When F was 9 month old we went on a 8 day hiking trip in the High Sierra, CA. While planning the trip I spend a long time searching the internet for diapering ideas. I found little info. We already used cloth diapers at home, so that seemed like the natural choice. Already before F was born I knew that we wanted to go on multiday backcountry trips, so I primarily invested in pre-folds. Pre-folds are ideal because they can be unfolded and therefor dry fast. I found that pre-folds didn't really work well at night, so for night time we settle for a fitted diaper with an extra insert. This was our final selection (I don't remember the exact number):
Two wet bags for dirty diapers.
~5 covers (we used flip)
~ 4 overnight fitted diapers with insert
~ 12 prefolds (primarily flip and some cheap burp cloth)
lots of small cloths
This selection allowed us to wash diapers every 2-3 days. In the Sierras the diapers dried really fast, but they take a bit longer on the coast especially the fitted diapers. It is often worth it too just go with disposables at night. In general, I found that cloth diapers only are worth it if you are going for longer than 3 days. If you are not going to wash, you might as well carry disposables.
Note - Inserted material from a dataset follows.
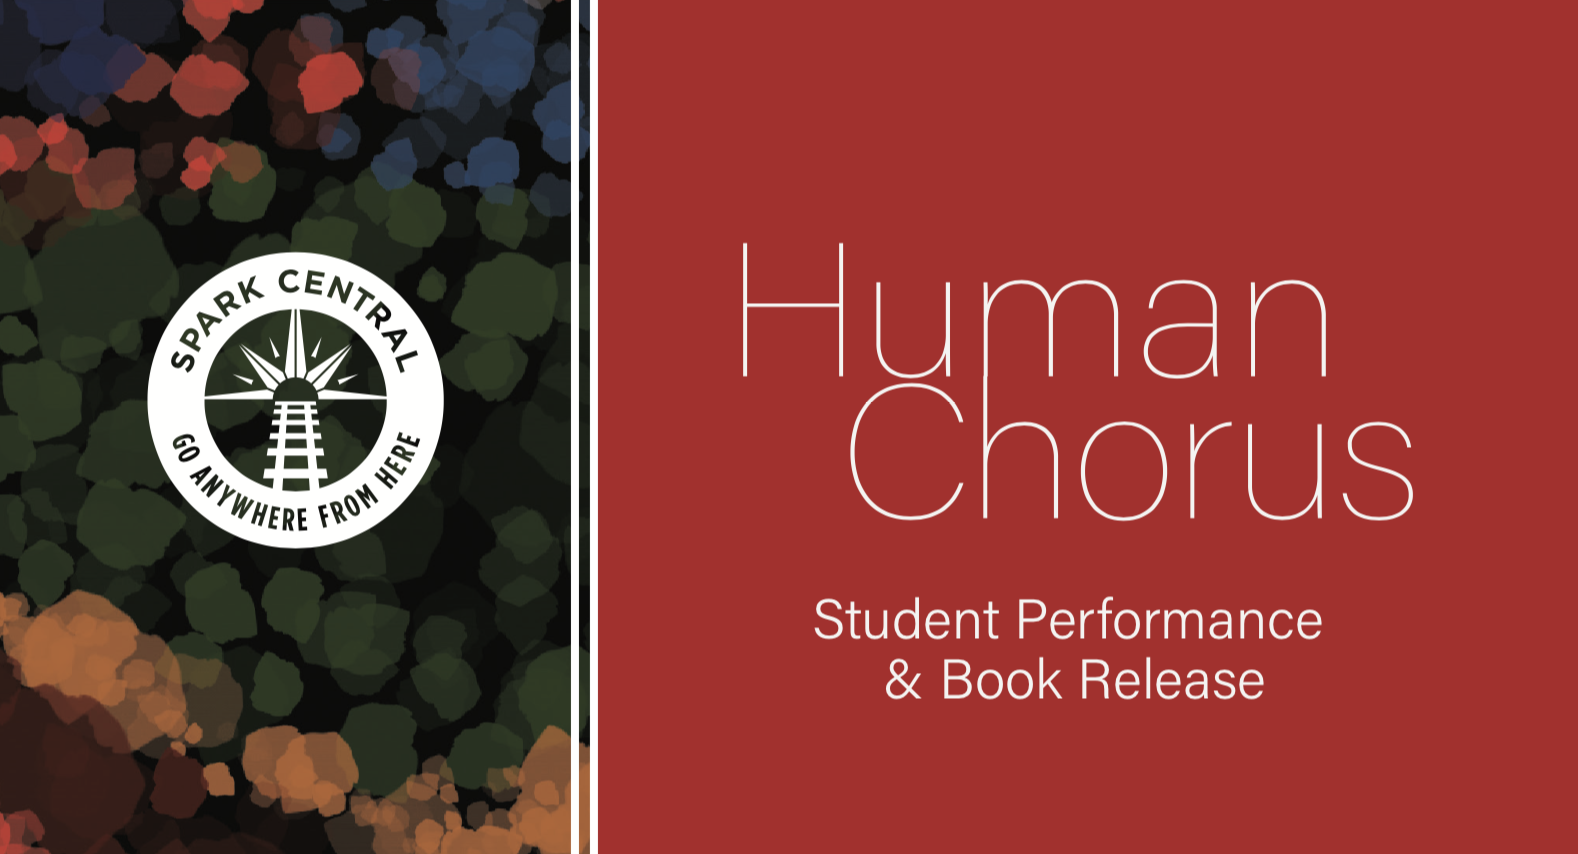 The Human Chorus

Not much is needed for the washing of diapers. We would bring the following:
1. Foldable wash basin.
3. Cord for drying
A foamy is also nice for the changing.
Compostable inserts, elimination communication and liner.
Another option we considered based on advice, was to use compostable disposable insert in a reusable cover. This is not really an option in the alpine as things decompose really slowly, but if you are going on a trip were there is outhouses available this might be an option.
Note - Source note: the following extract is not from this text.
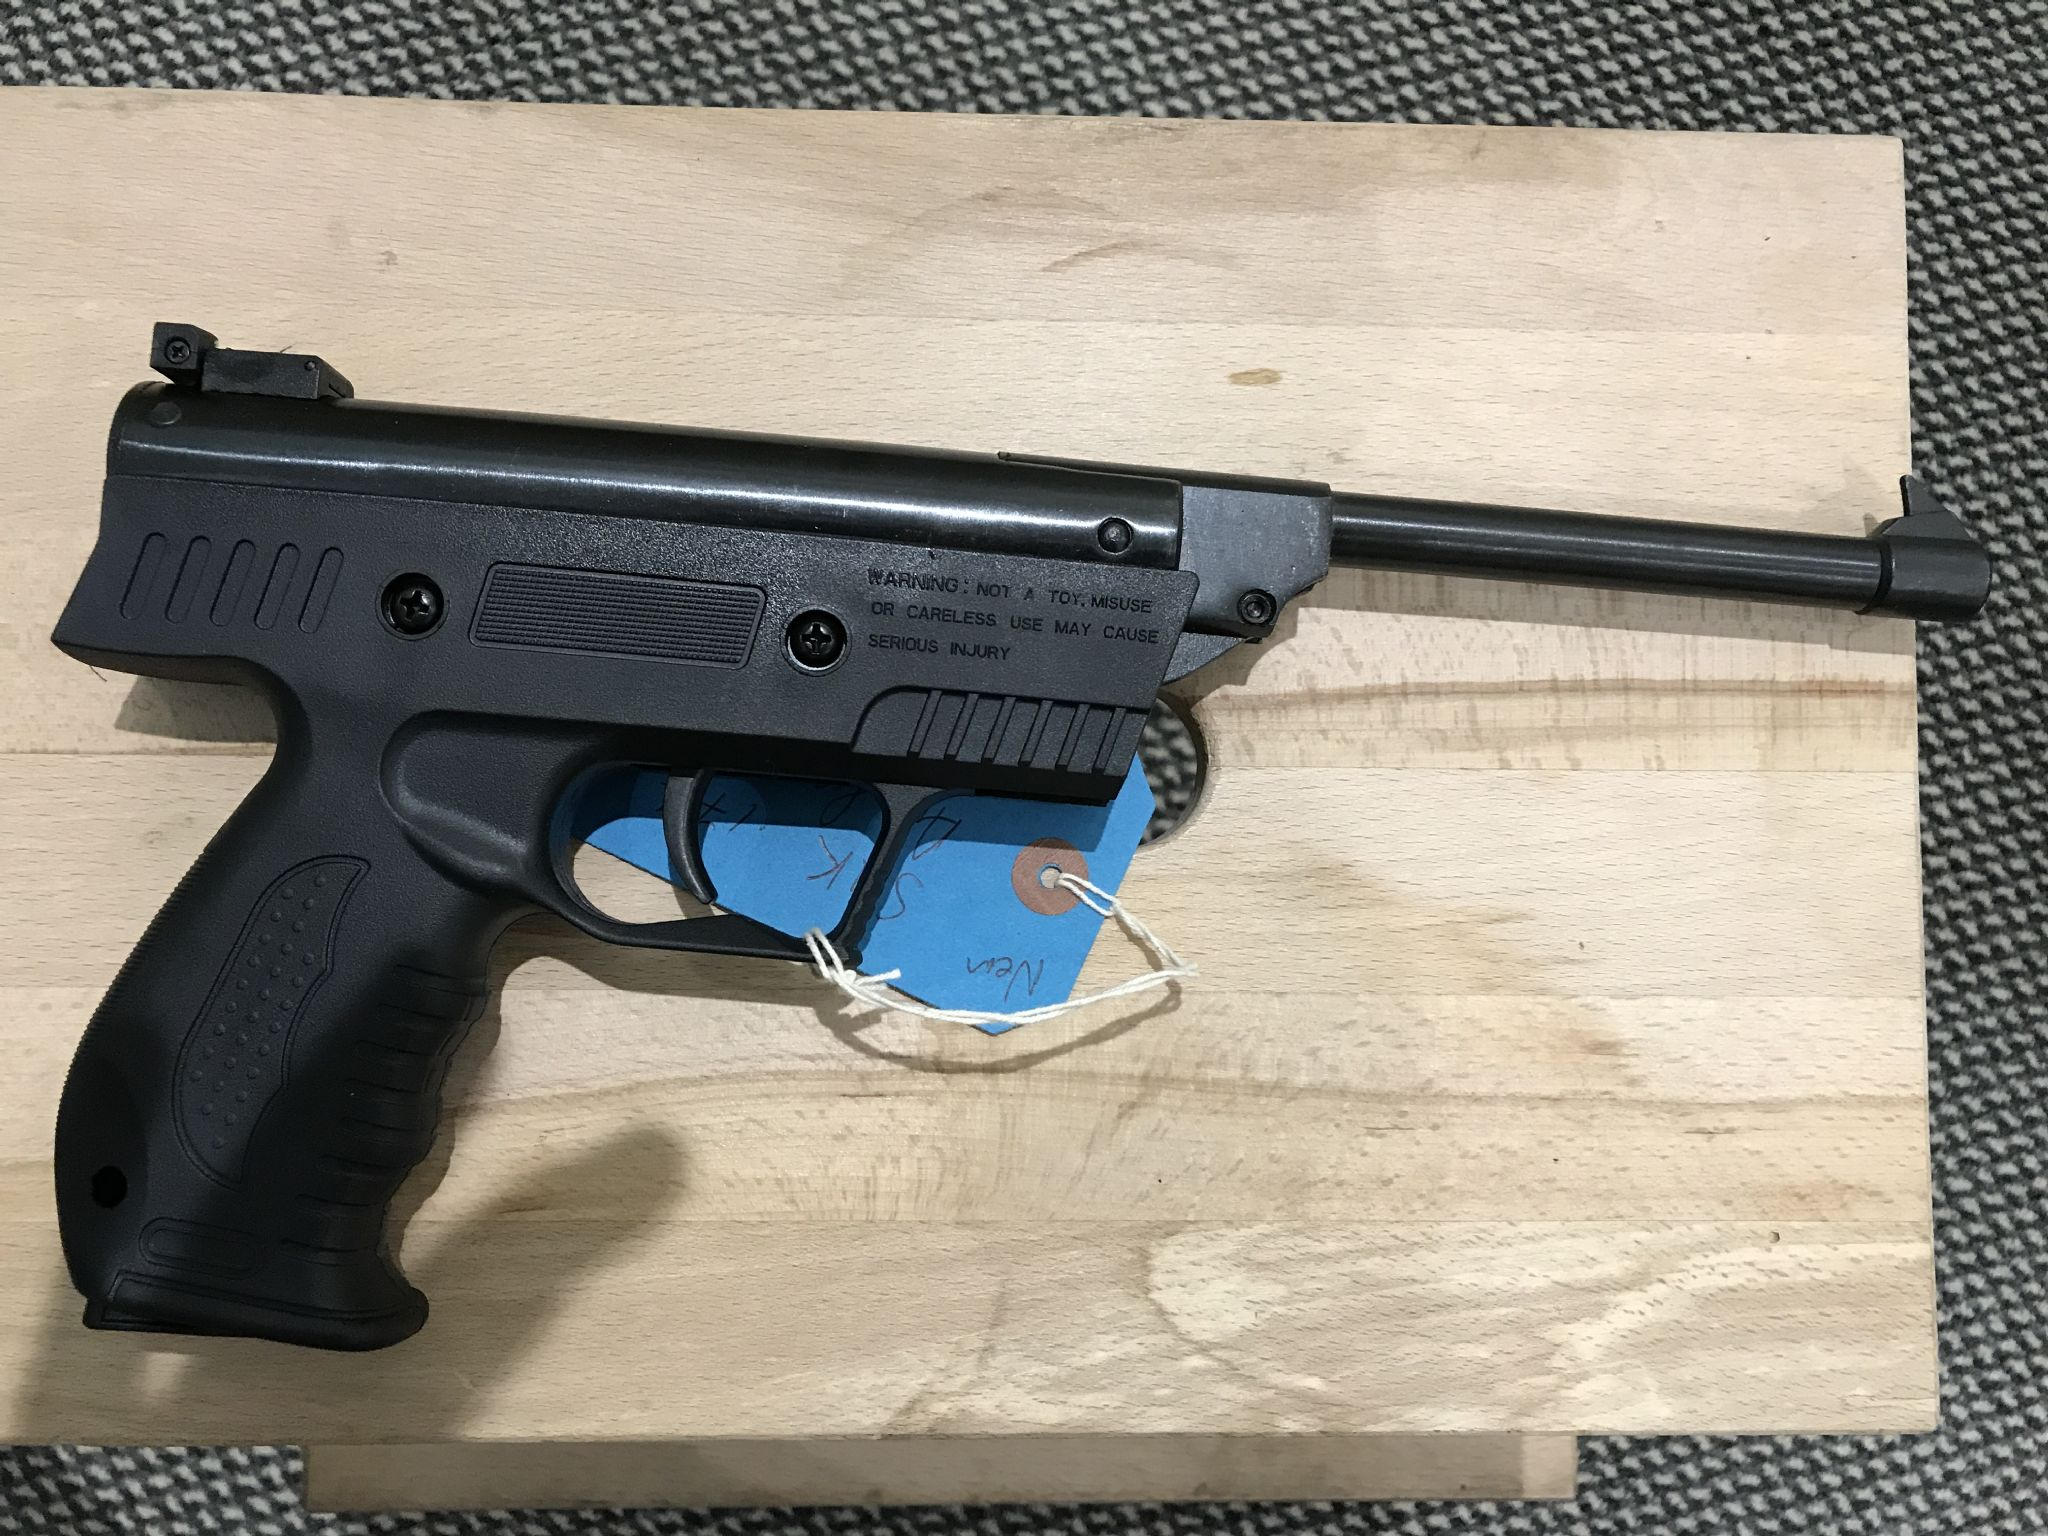 177 SMK XHS3 Break Barrel Air Pistol

If your baby is still young it is also worth it to consider Elimination Communication (EC). Basically you observe your baby and notice cues or signals they give before peeing or pooing. Once you know their cues you can take their diaper off before they go. We did elimination communication with F from she was a few weeks old. There were periods were we would totally avoid poopy diapers and periods were we would deal with the poo like everyone else. Luckily when we did our 8 day hike in the Sierras and our 5 days on the Juan de Fuca trail we only had a few poopy diapers.
If we had not practiced EC I would have brought some liners (regardless of whether I was using disposable or cloth). They make it easier to separate the poo from the diaper to dispose of it. I would then try to burn the liner, just like I do with toilet paper.
Bears and diapers
We never really worried about bears in relation to our diapers. We have always just stored the diapers in our tent. Maybe we should have worried about it though. In the opinion of the internet, dirty (and scented clean) diapers does attract bears. The safest solution would be treating your dirty diapers as your trash. Storing it in proper bear proof containers or bear hanging it. Alternatively, you could wash diapers every evening. This sounds like either a lot of work or a lot of extra weight (bear-proof containers are heavy).
How have you handled diapering in the backcountry? Do you have any tips or tricks?
What are your thoughts on diapering in the bear country?